[Given information Boundary: Start]

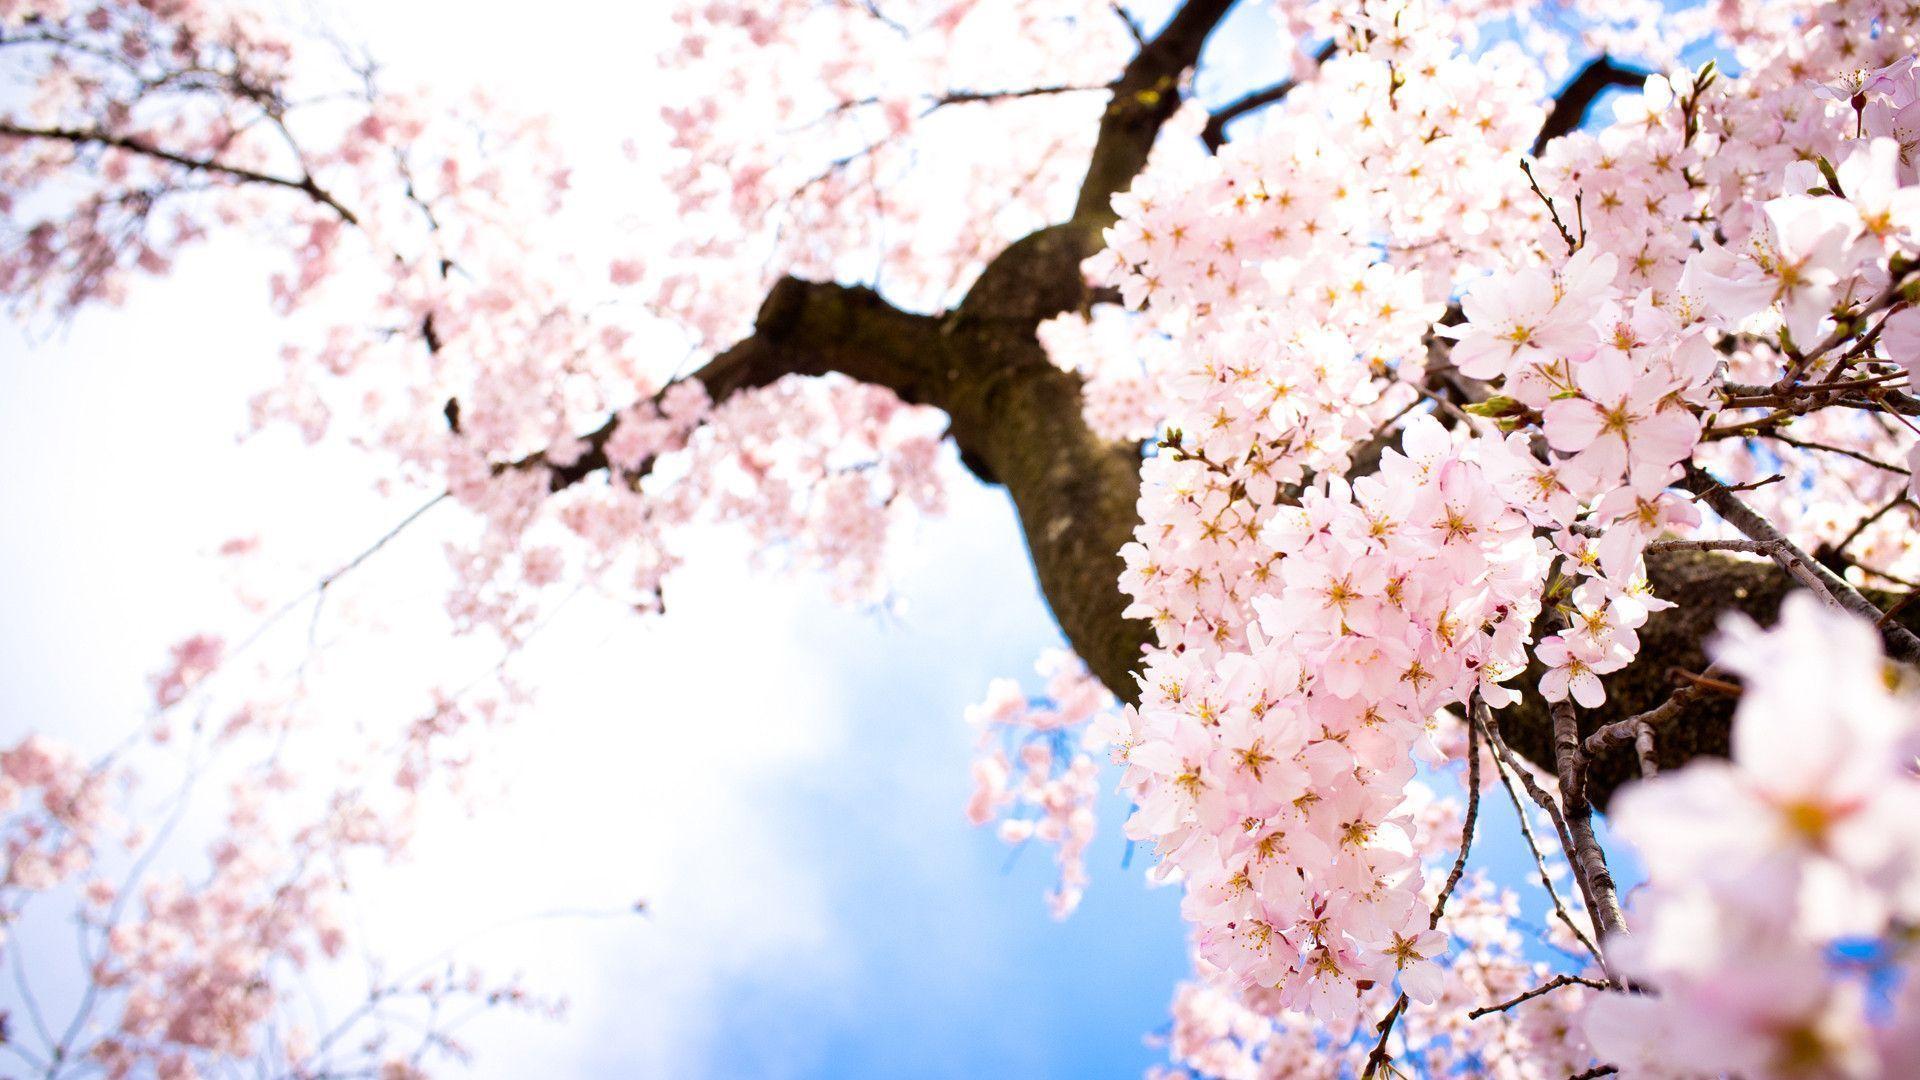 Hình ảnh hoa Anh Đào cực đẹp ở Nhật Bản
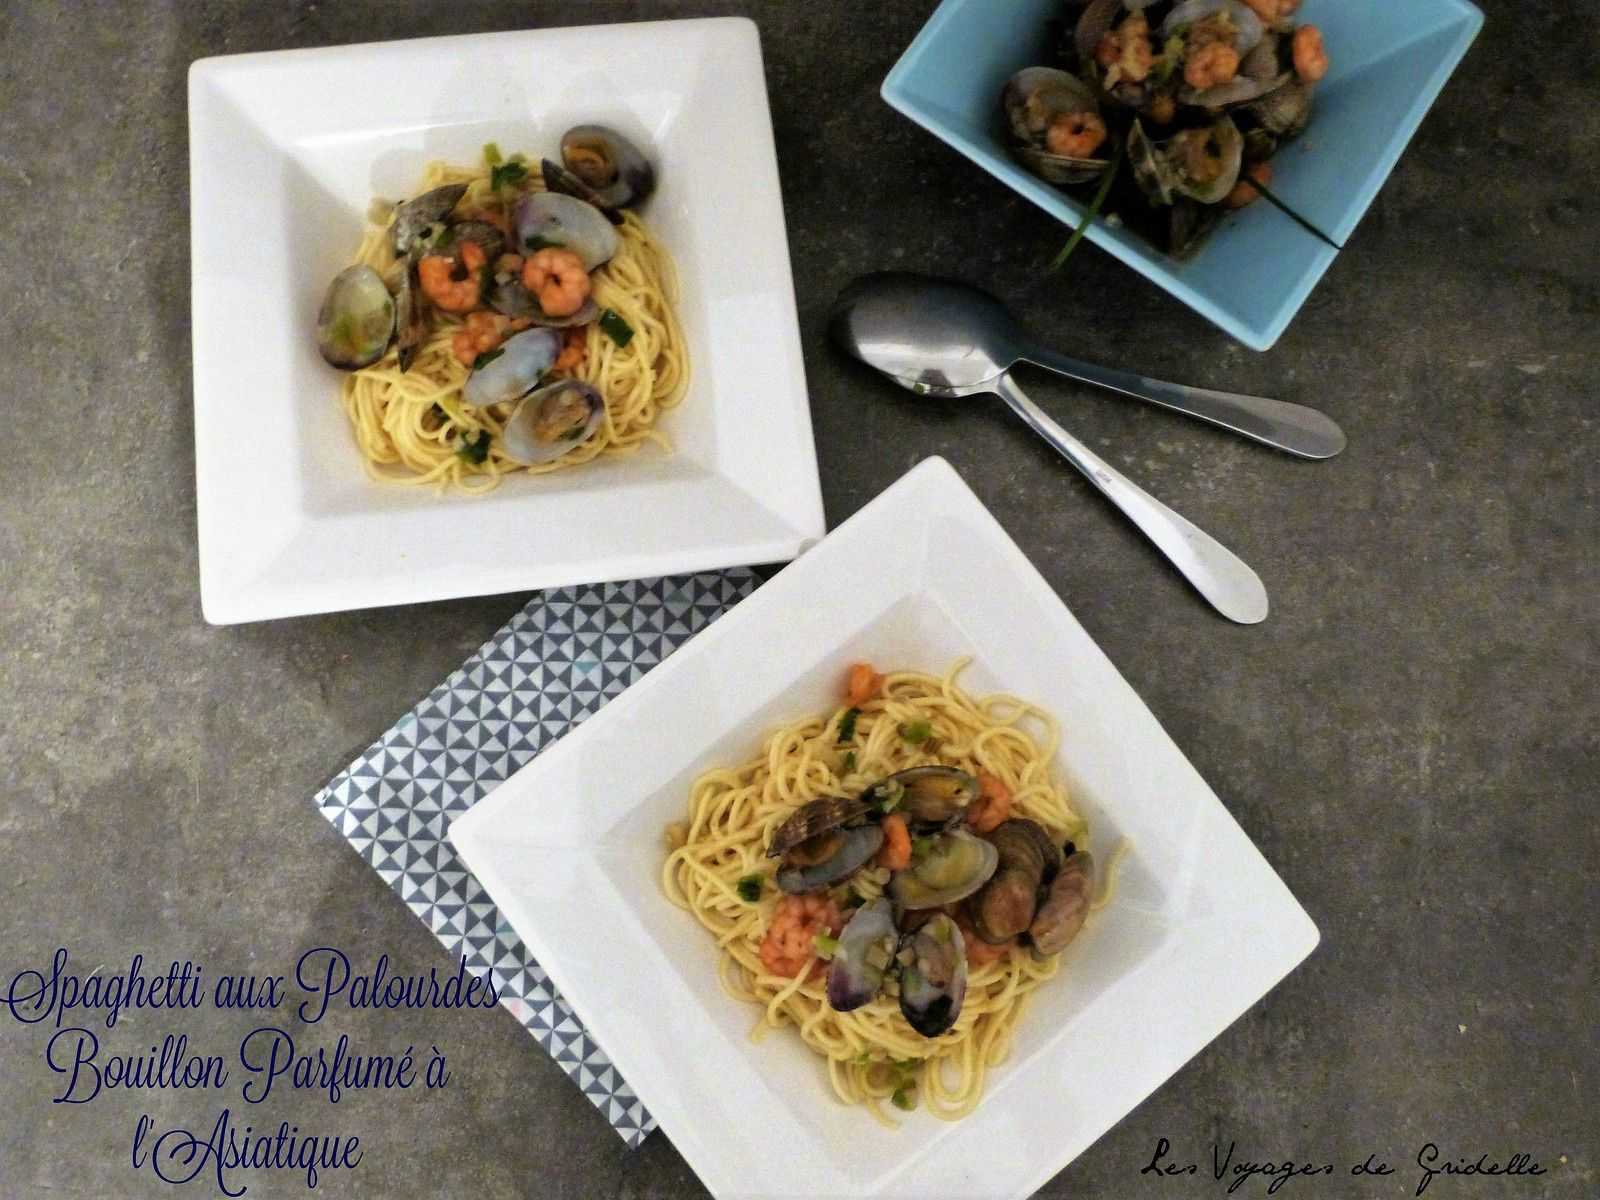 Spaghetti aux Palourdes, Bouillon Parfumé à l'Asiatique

[Given information Boundary: End]
[Given information Boundary: Start]

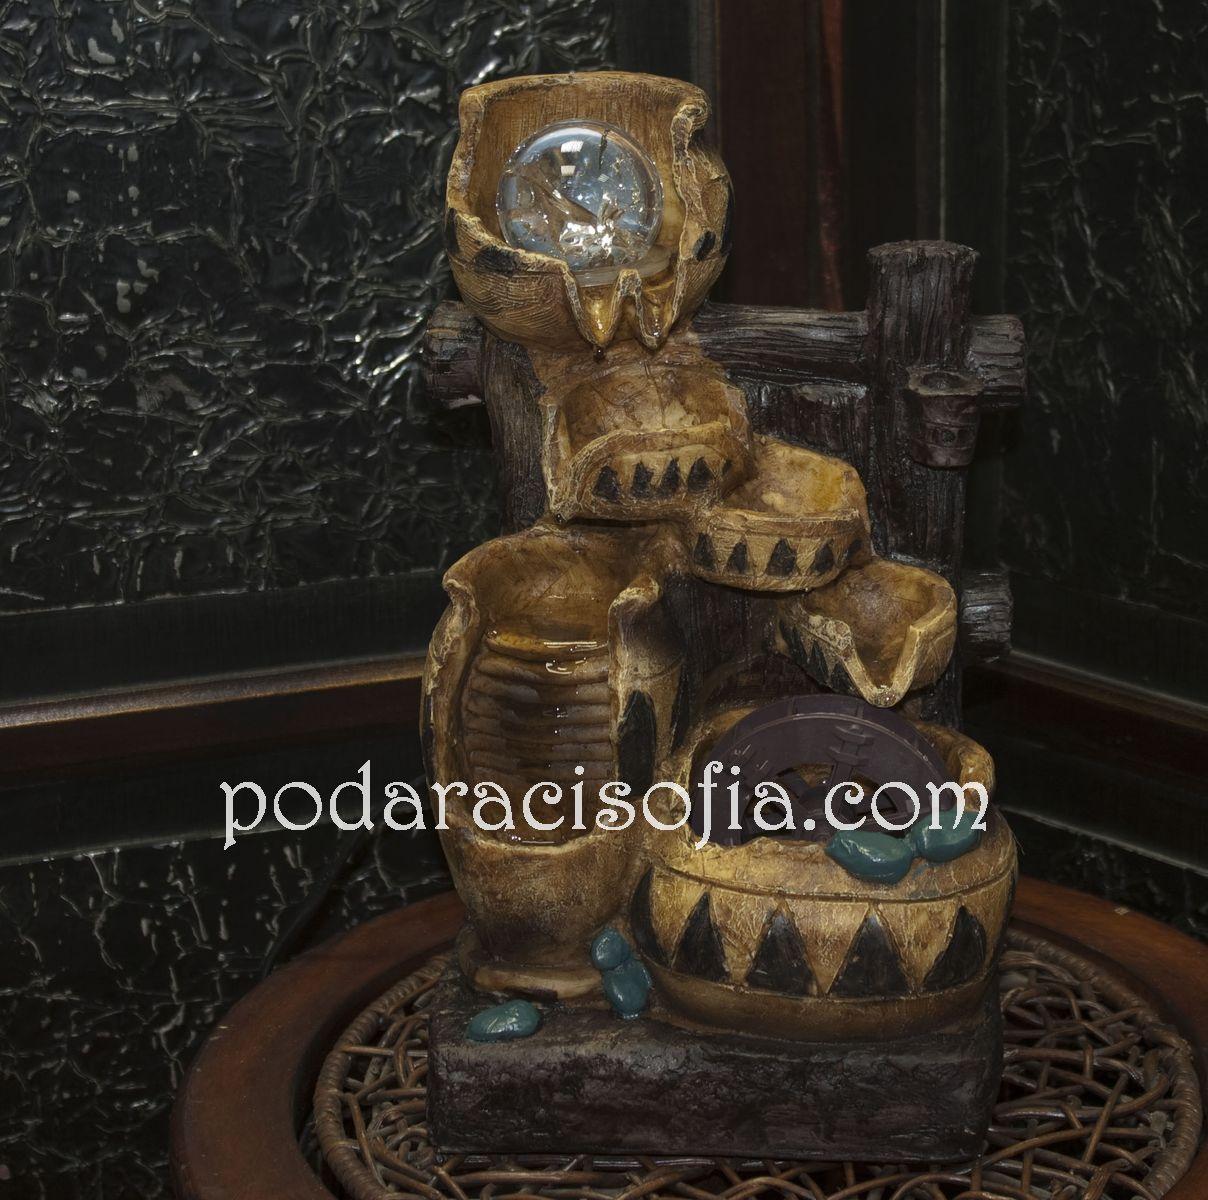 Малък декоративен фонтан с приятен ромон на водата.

[Given information Boundary: End]
[Given information Boundary: Start]

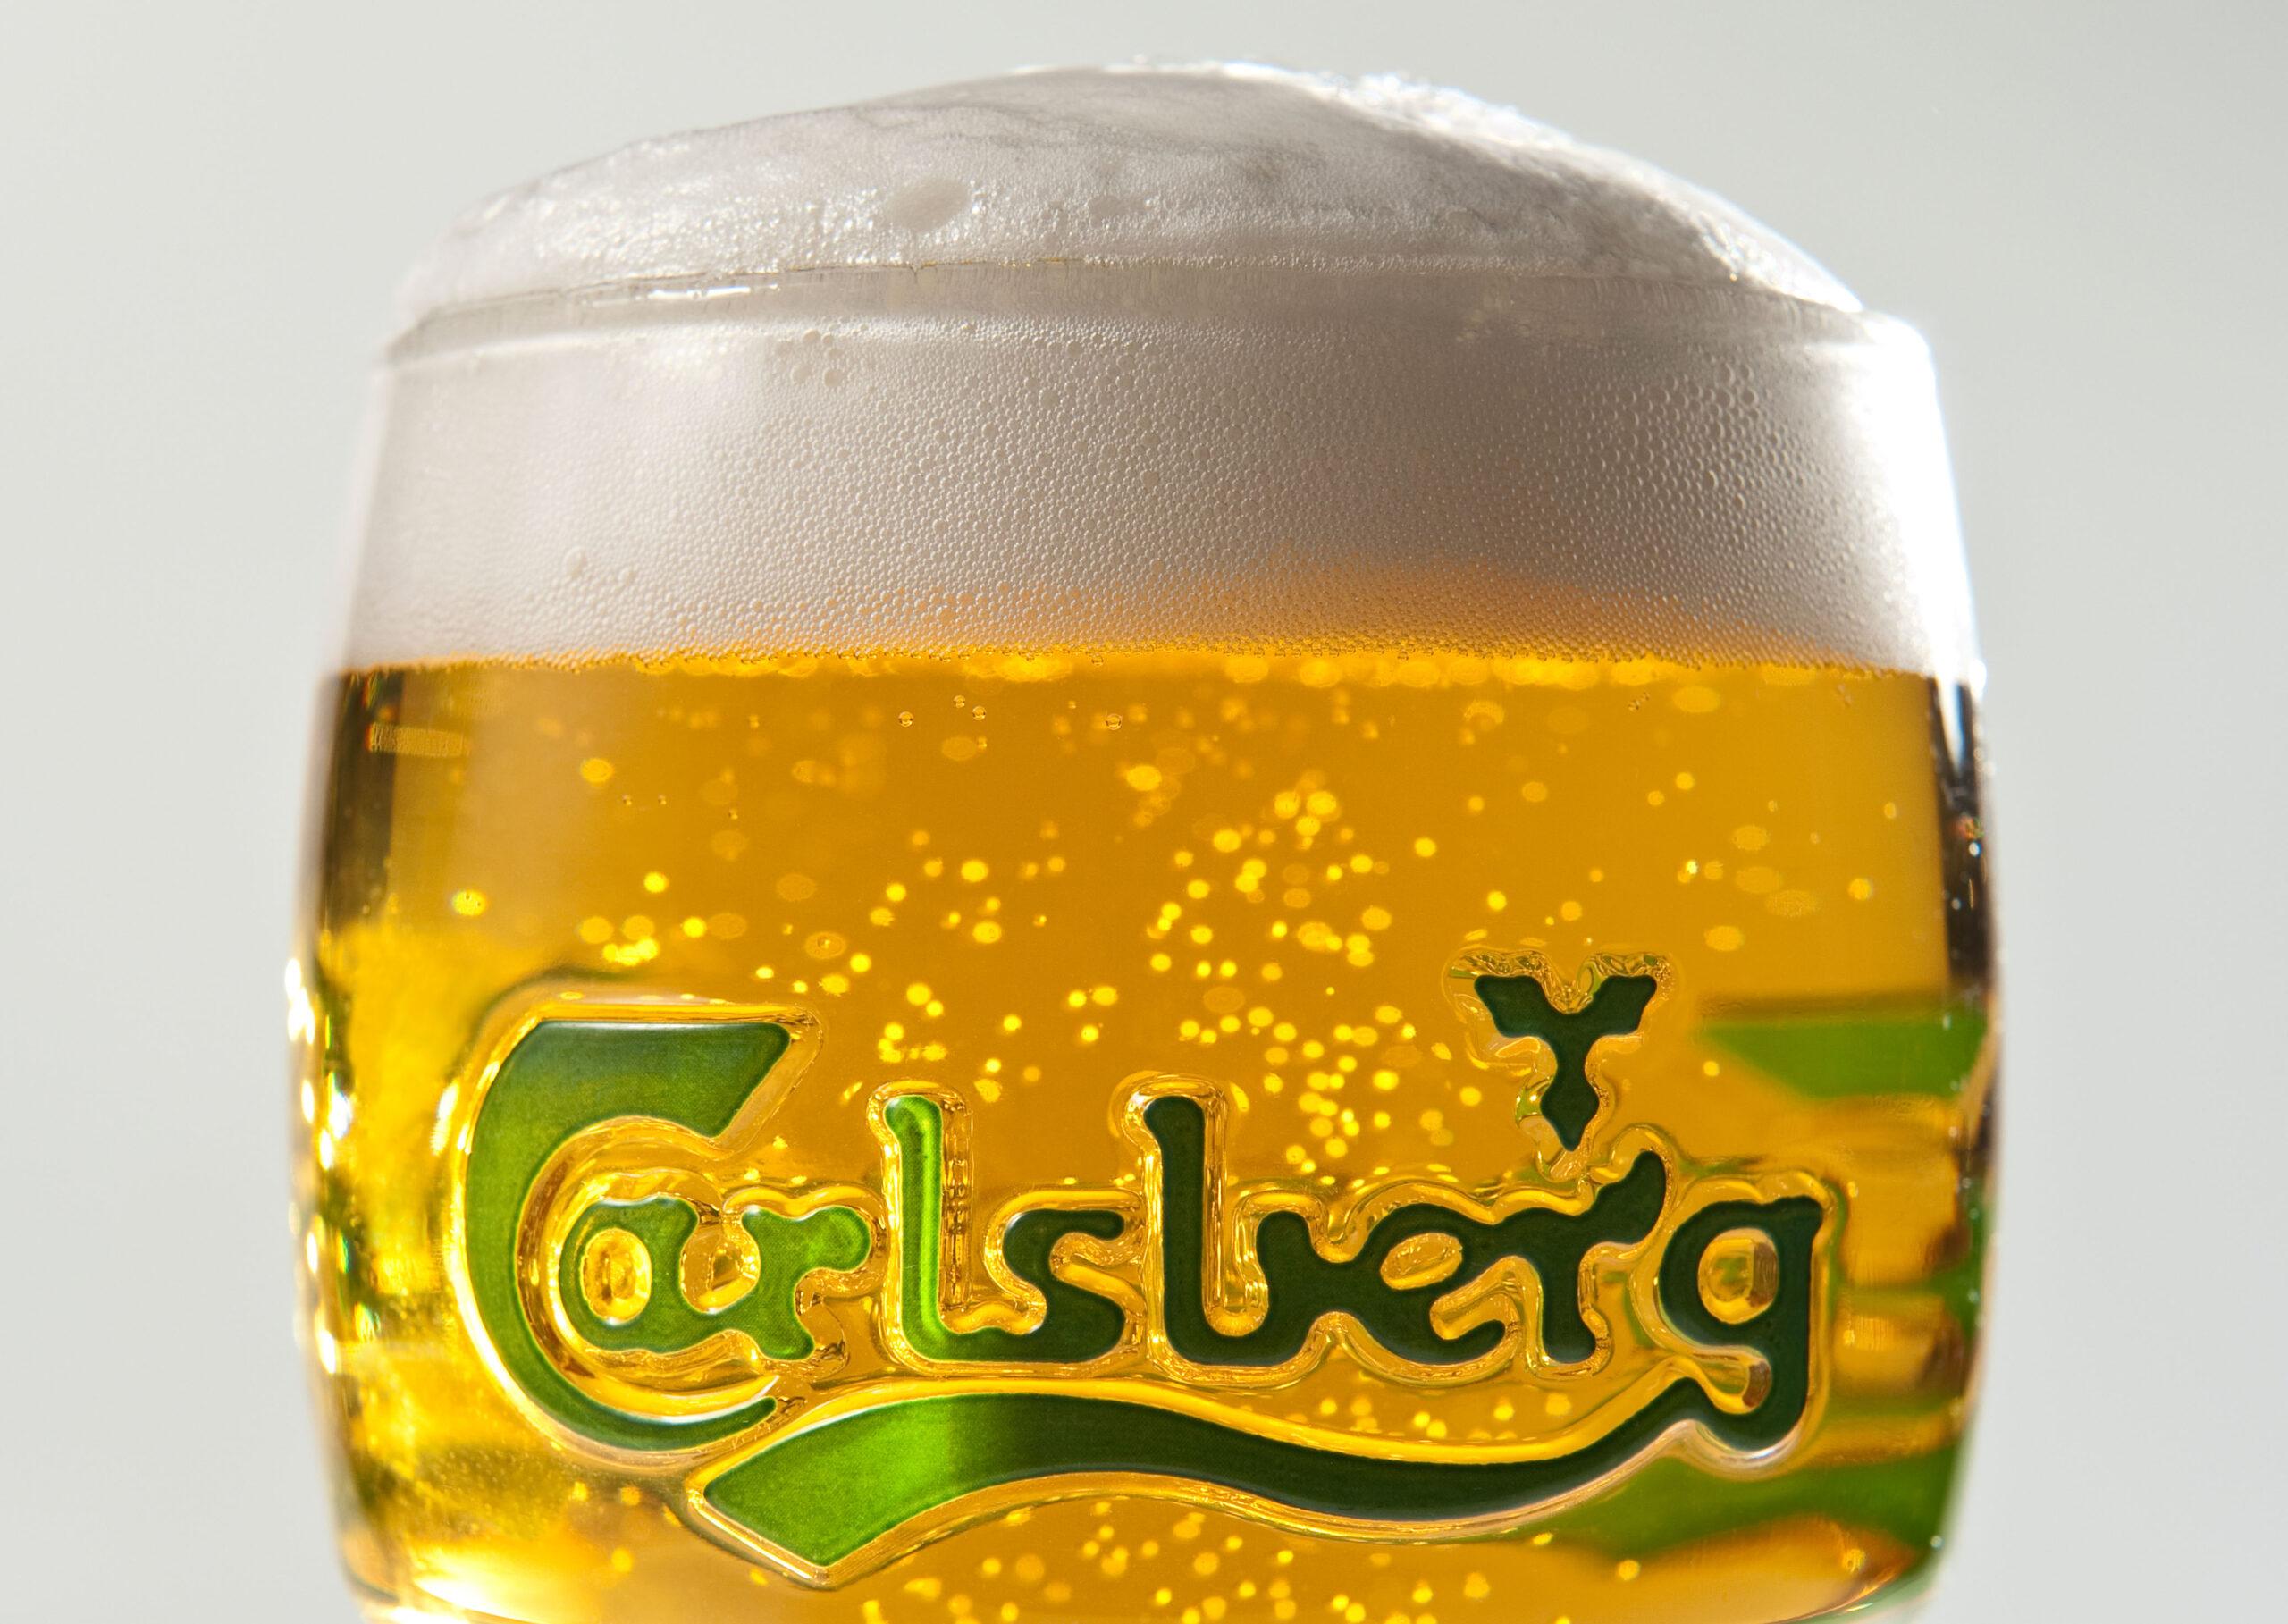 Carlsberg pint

[Given information Boundary: End]

*Required work*. Among the records above, locate the line containing "Hình ảnh hoa Anh Đào cực đẹp ở Nhật Bản" and the line containing "Spaghetti aux Palourdes, Bouillon", then transcribe exactly the lines starting at the first and ending at the second, with no pictures.

*Output of the exercise*.
 Hình ảnh hoa Anh Đào cực đẹp ở Nhật Bản
 Spaghetti aux Palourdes, Bouillon Parfumé à l'Asiatique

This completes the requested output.